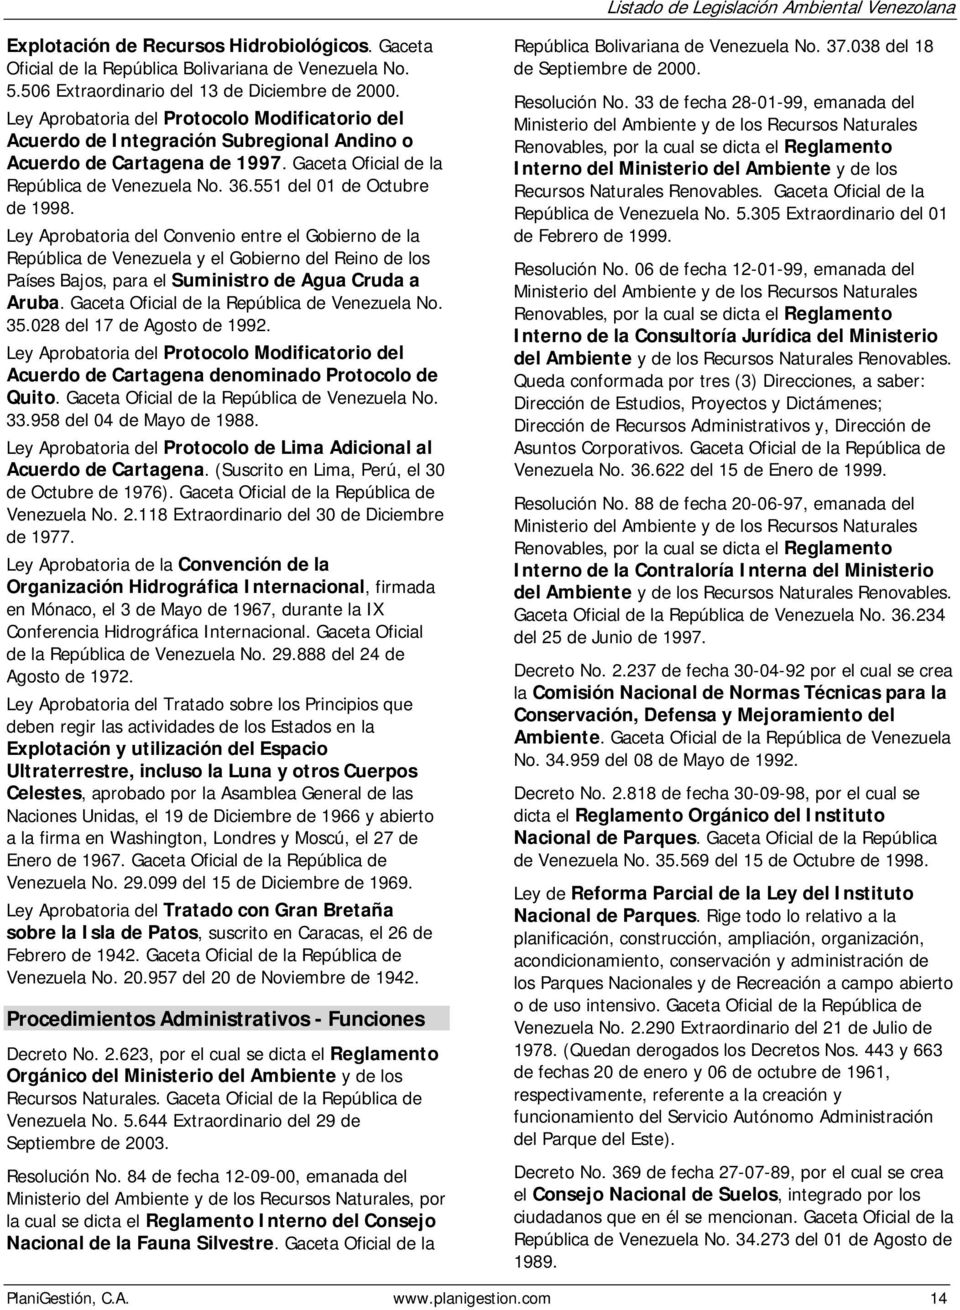 551 del 01 de Octubre de 1998. Ley Aprobatoria del Convenio entre el Gobierno de la República de Venezuela y el Gobierno del Reino de los Países Bajos, para el Suministro de Agua Cruda a Aruba.
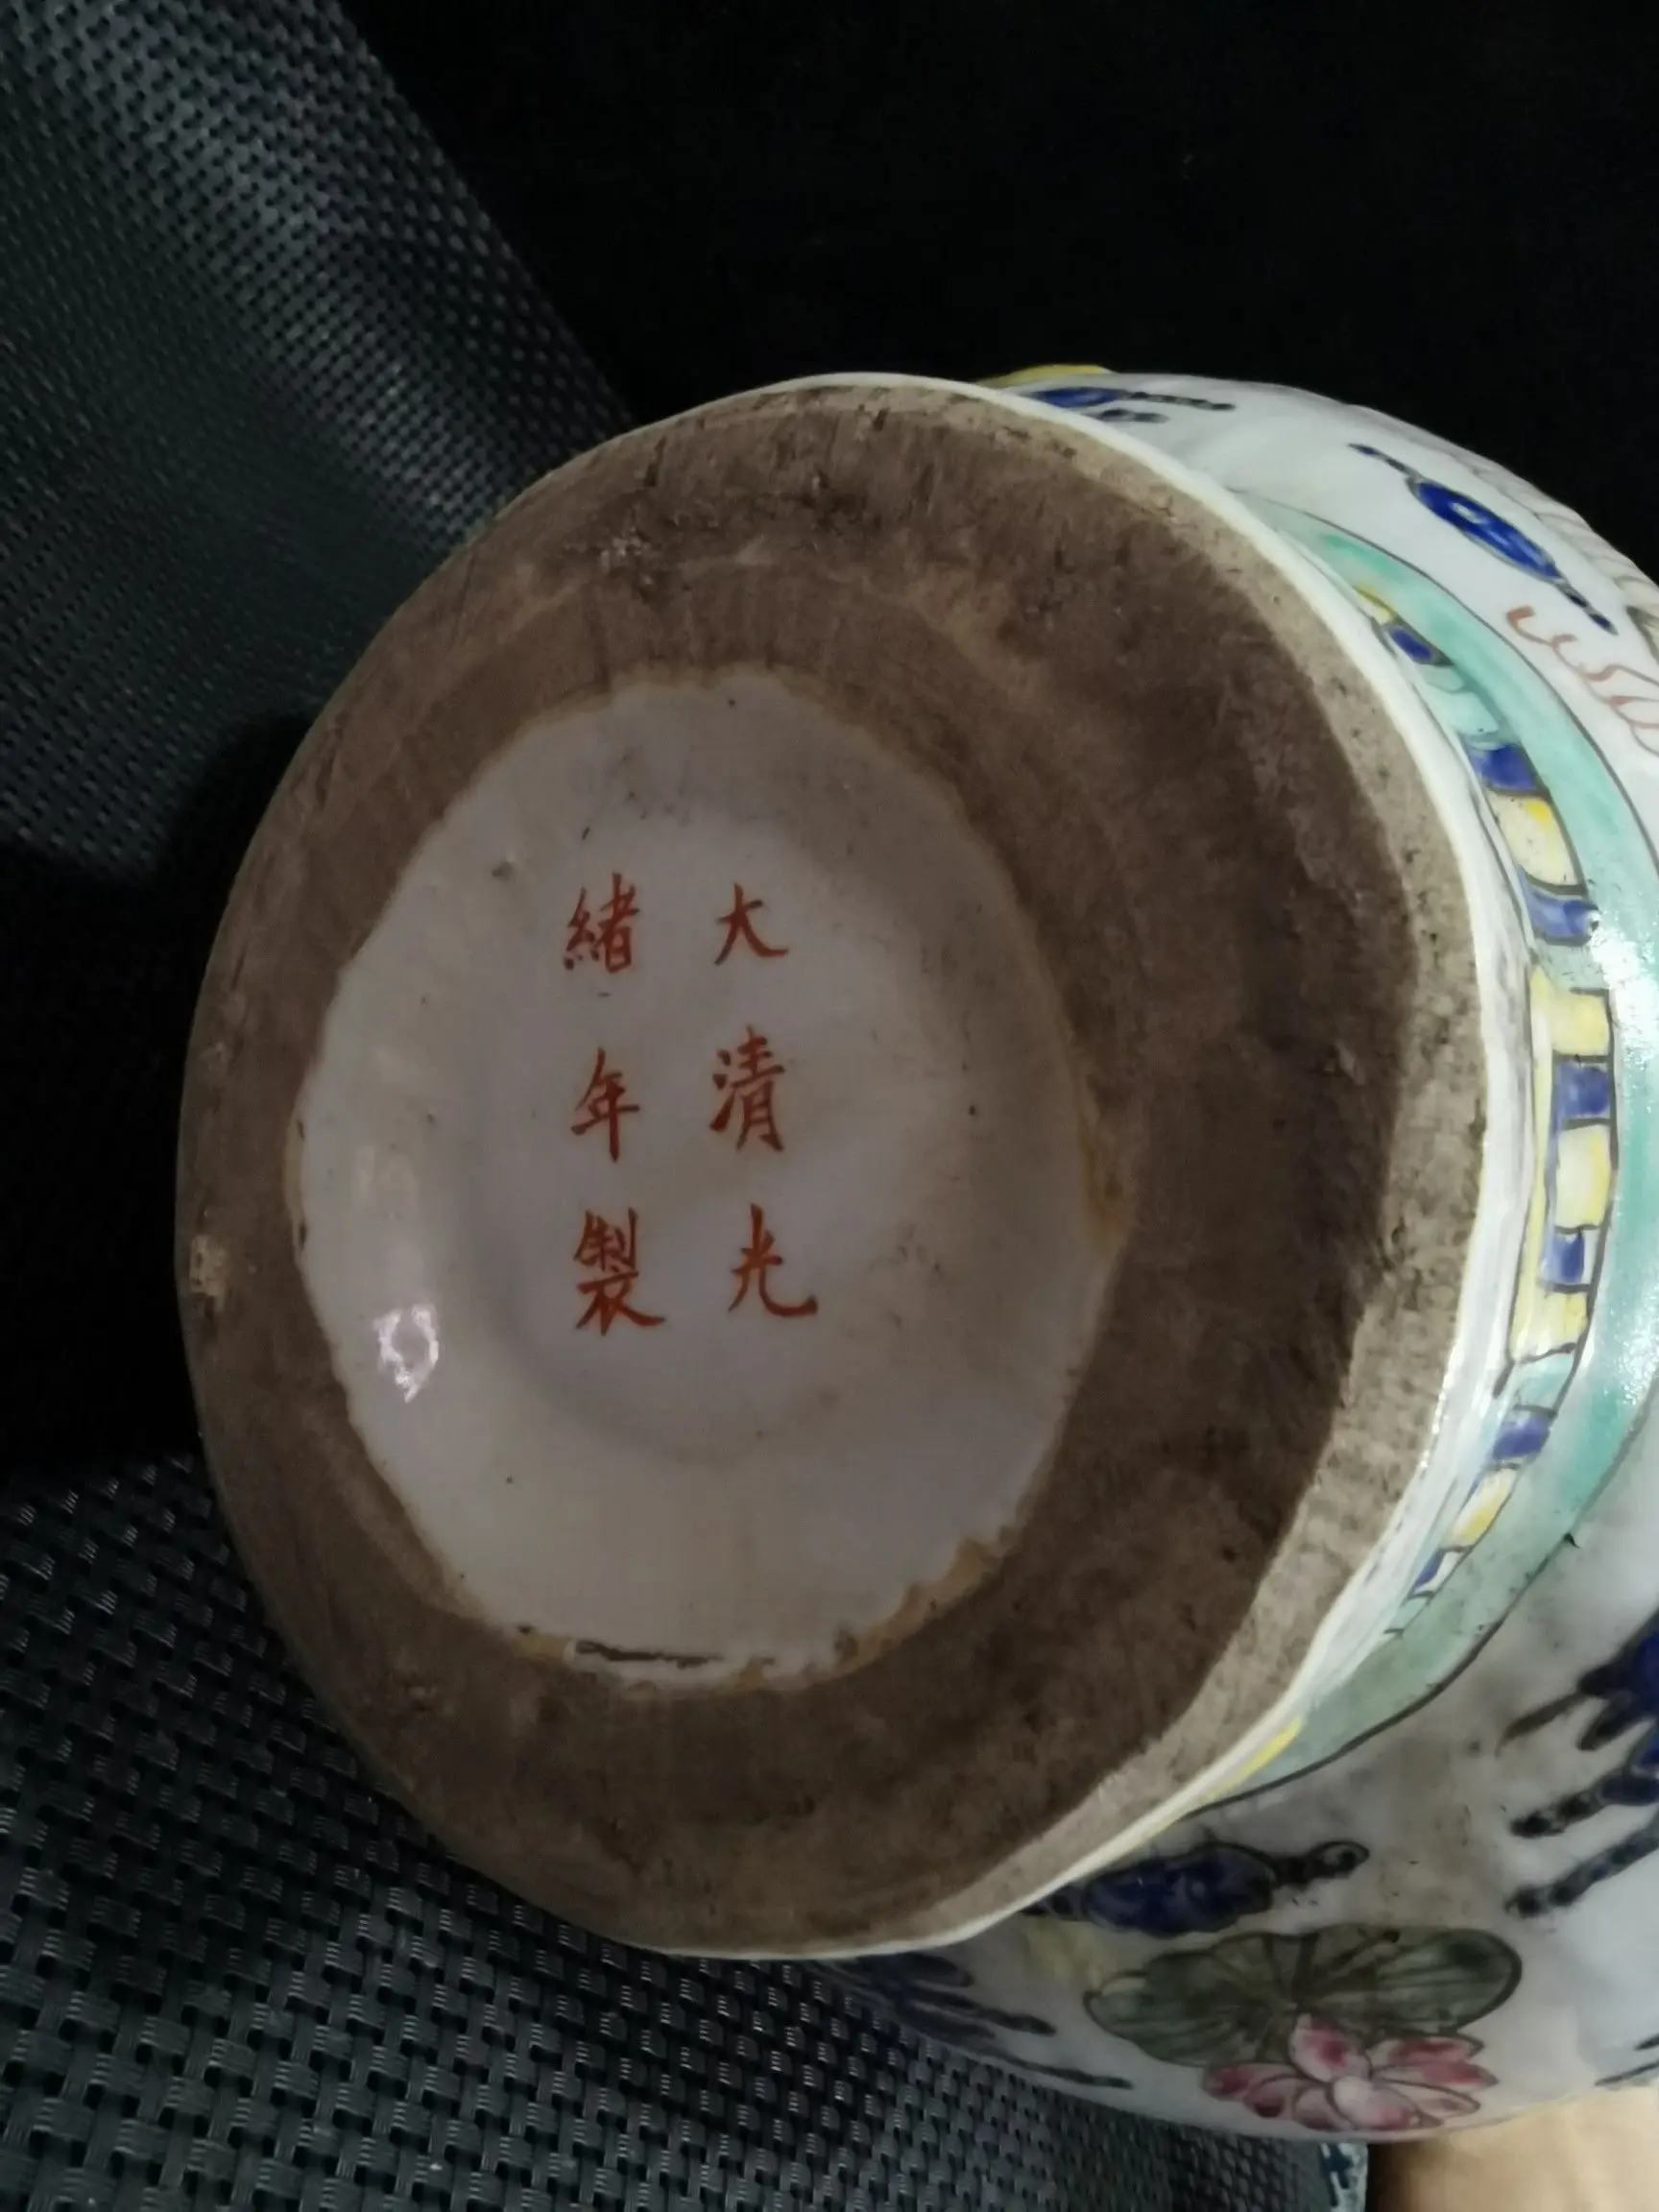 Редкий китайский античный керамический чайник, в хорошем состоянии, с знаком династии Цин
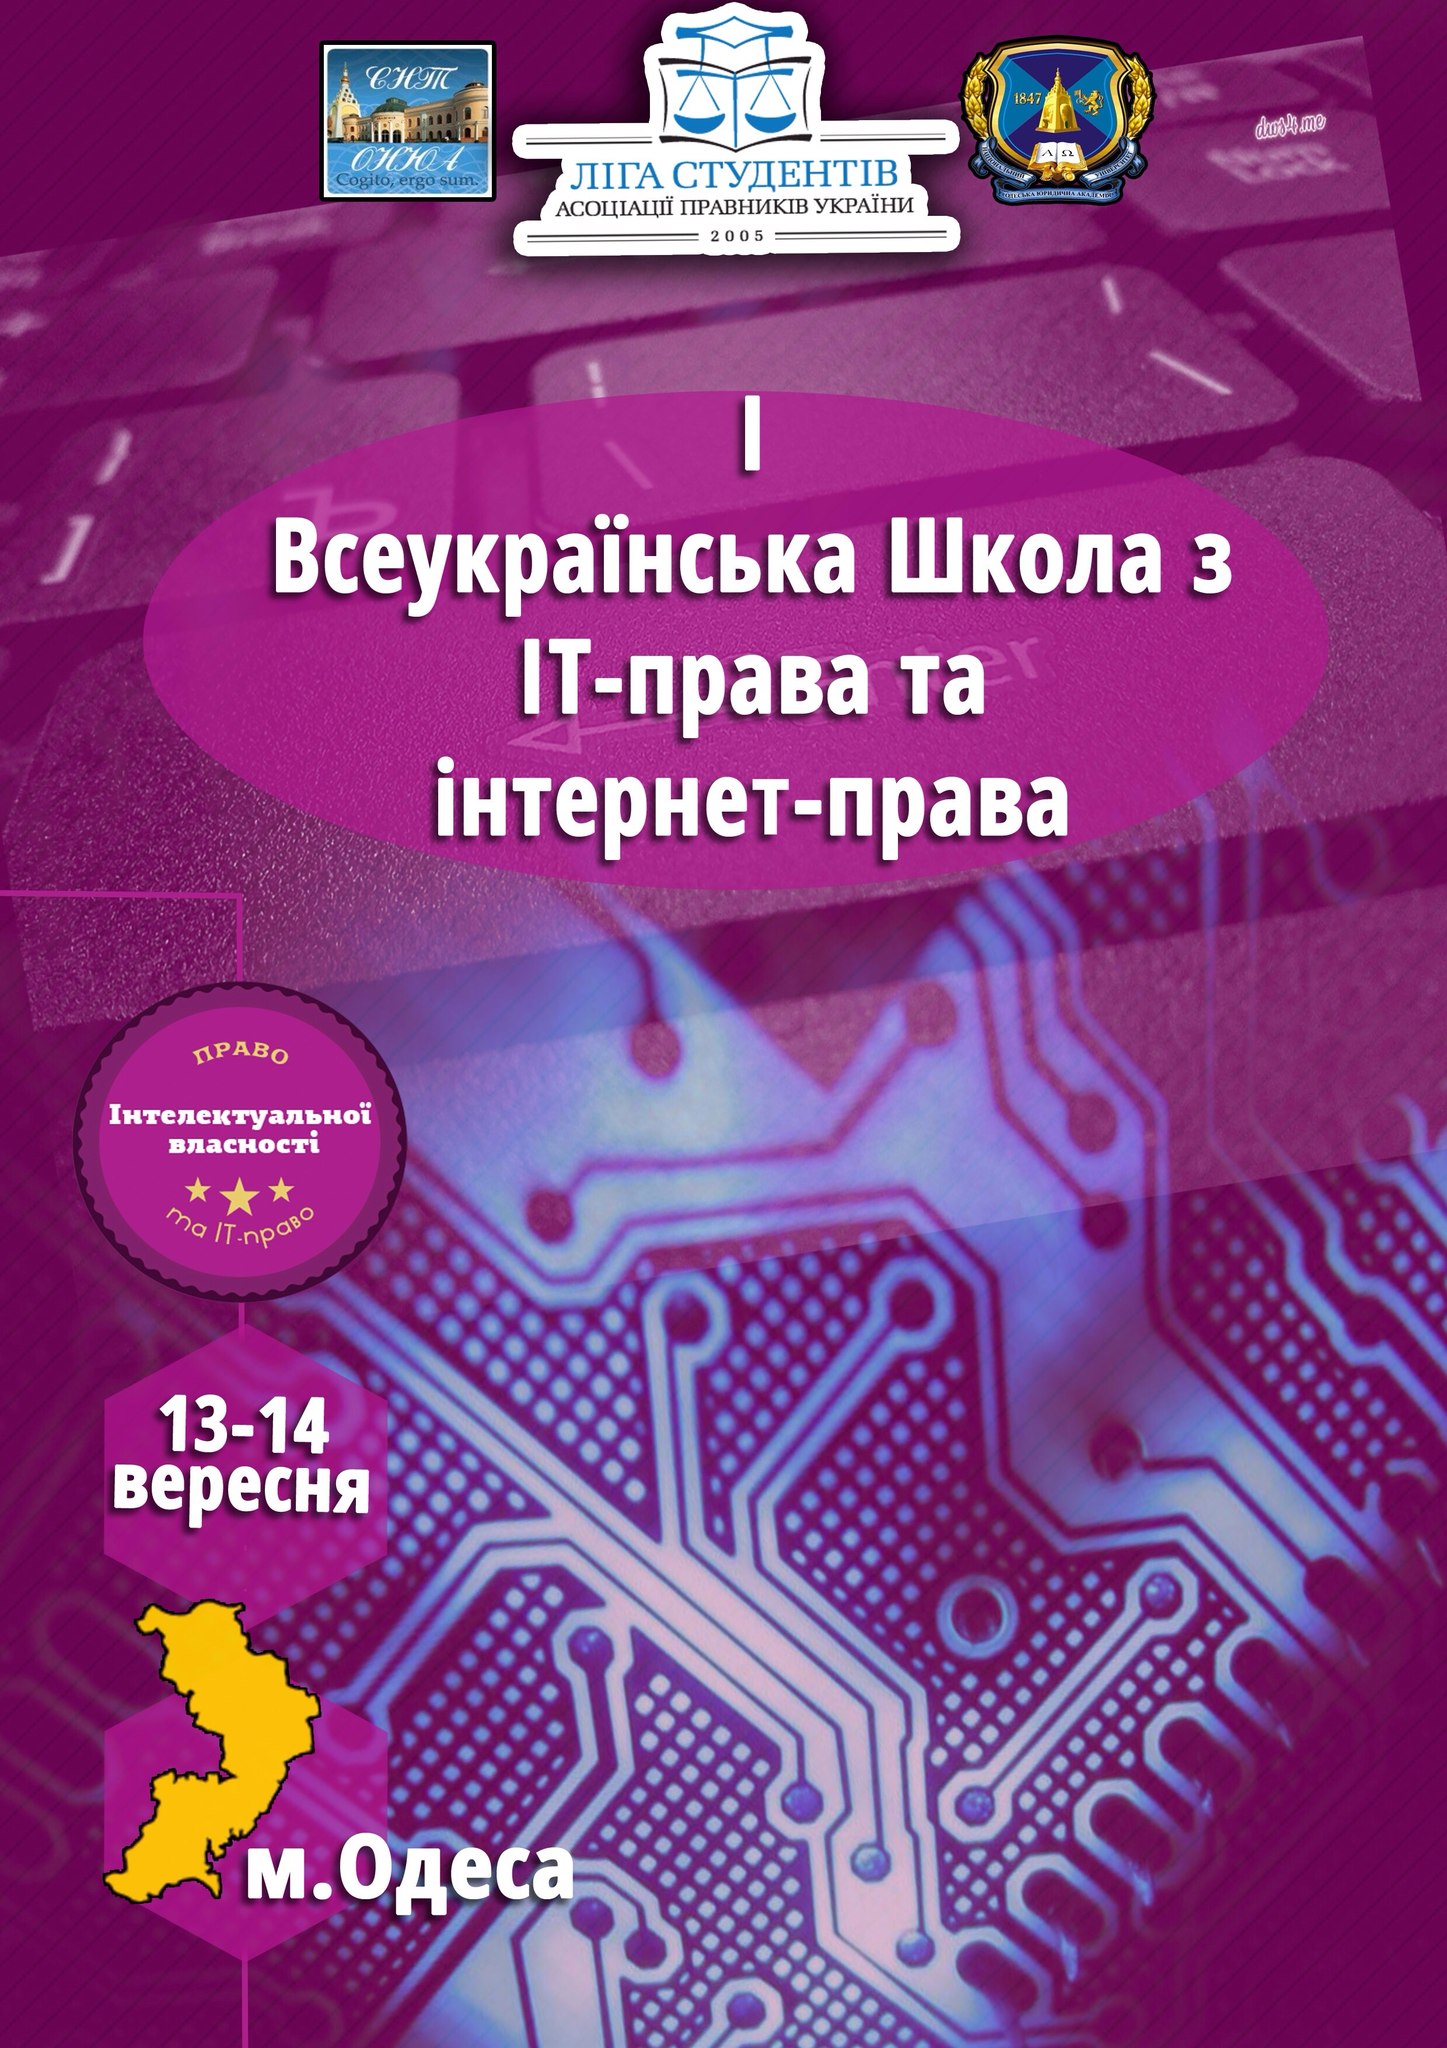 Участь у І Всеукраїнській школі з IT-права та Інтернет-права

***

Every line of the data above is to be repeated exactly; the images are to be left out.

# OUTPUT FOR THIS EXERCISE
 551 del 01 de Octubre de 1998. Ley Aprobatoria del Convenio entre el Gobierno de la República de Venezuela y el Gobierno del Reino de los Países Bajos, para el Suministro de Agua Cruda a Aruba.
 Редкий китайский античный керамический чайник, в хорошем состоянии, с знаком династии Цин
 Участь у І Всеукраїнській школі з IT-права та Інтернет-права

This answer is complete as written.